If after that you want to come aboard we can keep a seat for you - we are all in different stages of our journey and everyone is very supportive.

daddy you have been given lots of excellent advice here but i know that its a lot to take in. Get sober, then you can tackle everything else. Just know in the meantime that you are worth more than this, that it doesn't need to be your life. Drink is just another fucker controlling you and limiting your choices. Get rid of the controlling fuckers in your life one at a time. (and I don't say this flippantly).

mouse words fail me. your post made me cry. It tears me up that you had to go through that.

it saddens me that so many people here have been through abusive relationships. we have all discussed issues around control at different times on the board and it seems that the booze is just another thing that controls us. and makes it easier for others to control us.

stopping drinking can help us start to get back control in our lives. i used to think that by 'releasing' my worst self whilst drinking I was really in control. i wasn't. i used to think that when i drank to the point of being out of it and not being in control, it was good because at least then no-one else could control me. i could do that all by myself.

i didn't seemt to realise that there was another way that bite by bite i could learn to take responsibility for my life, to make the changes i needed to and be free from the abusive relationship with alcohol. alcohol did not remove any bad memories from my mind, it did not make me think i was an ok person, it did not stop me feeling 'bad' or alone, or ugly or unlovable.

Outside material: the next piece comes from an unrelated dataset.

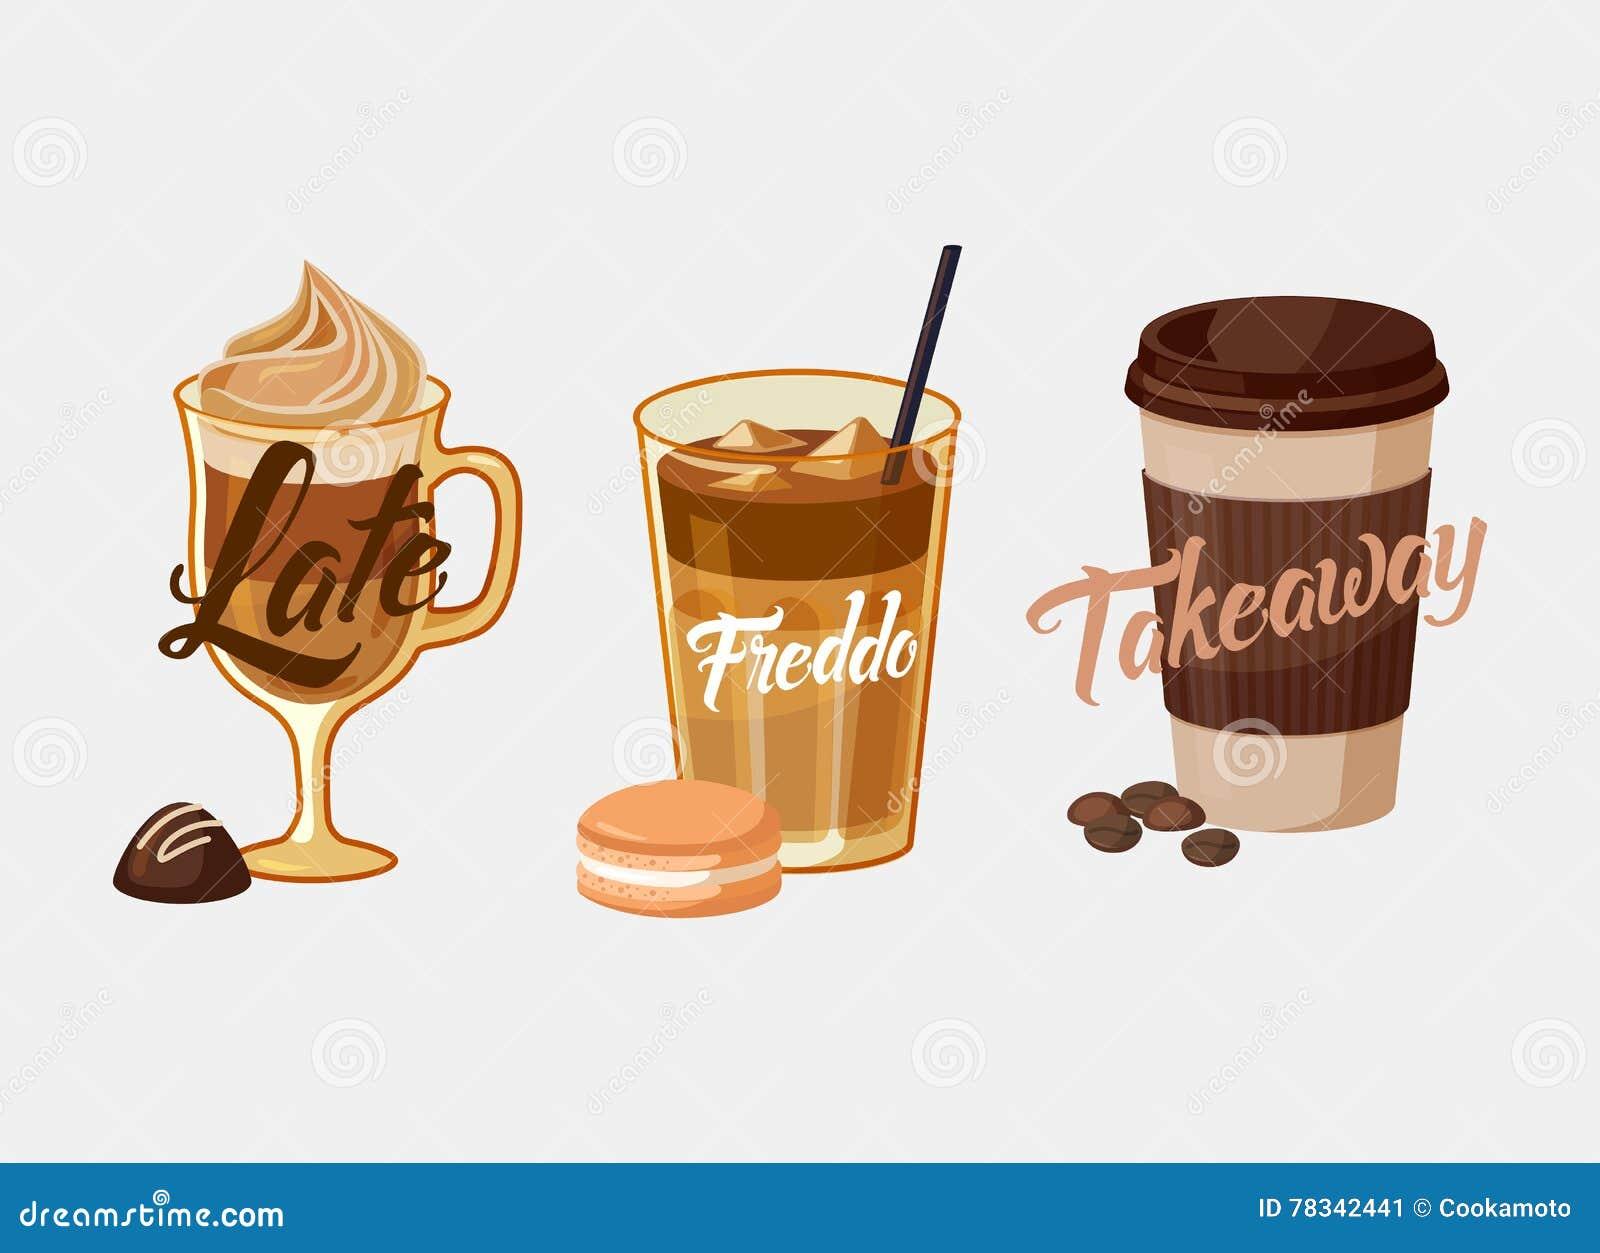 Latte o moca y freddo helados, manga del café de la taza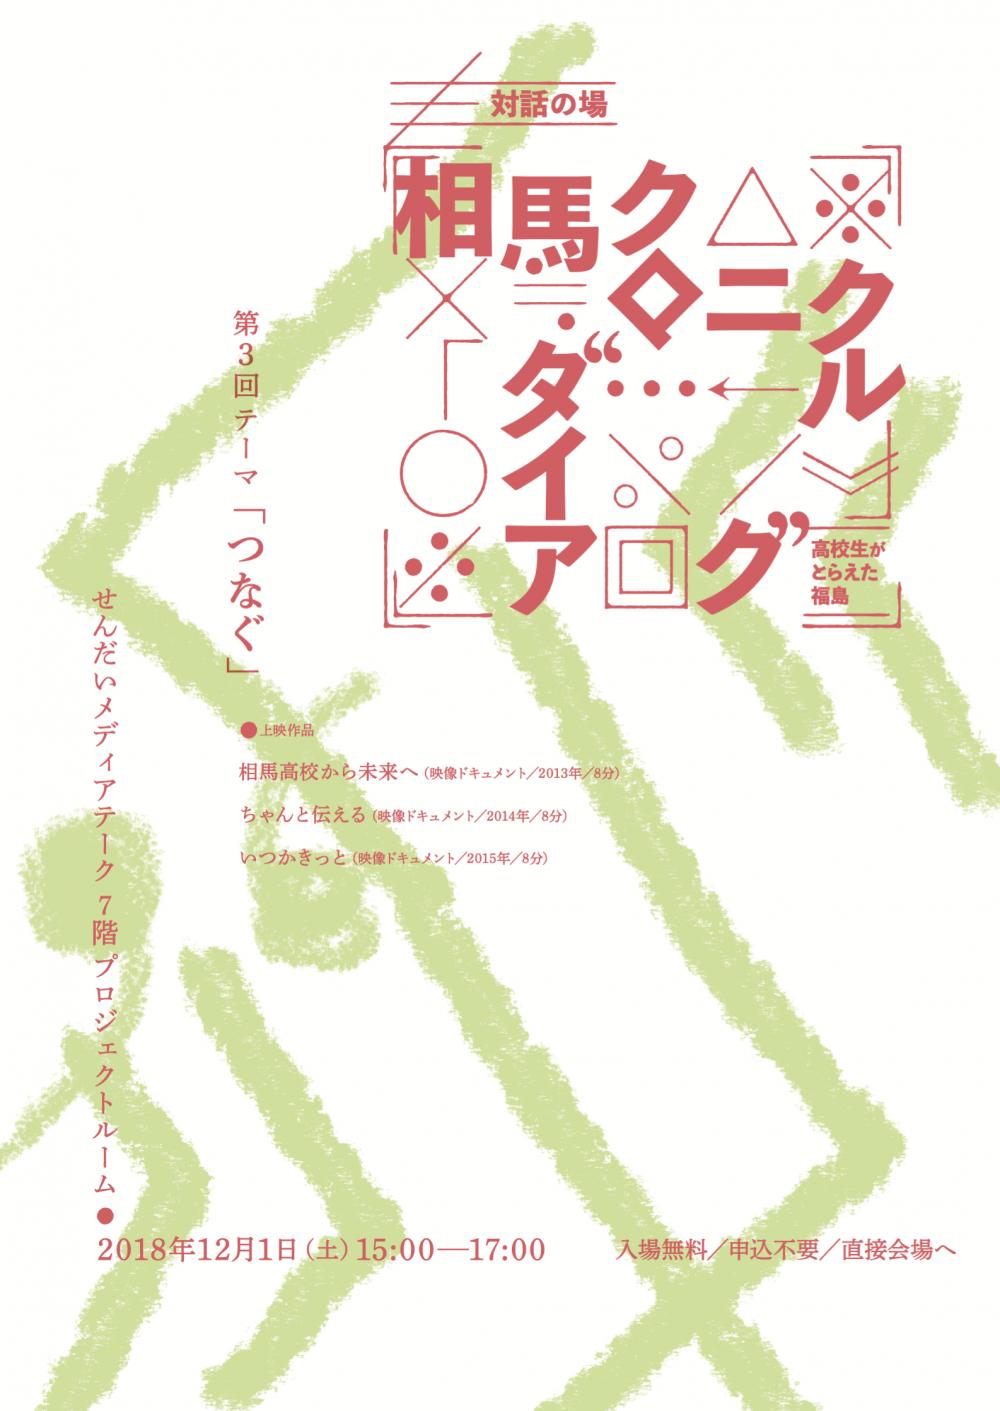 【予告】相馬クロニクルダイアログ 第3回「つなぐ」

i am in no way through this, hell, i even fell off the bus on friday. but i clambered back on immediately because I know that HERE is safe, that HERE is giving me an option of making choices, of having some control, some clarity of thought to make decisions in my life.

sorry for the rambling, just some thoughts.

(sorry to everyone who has posted in the last 45 minutes, its taken me ages to write this!!)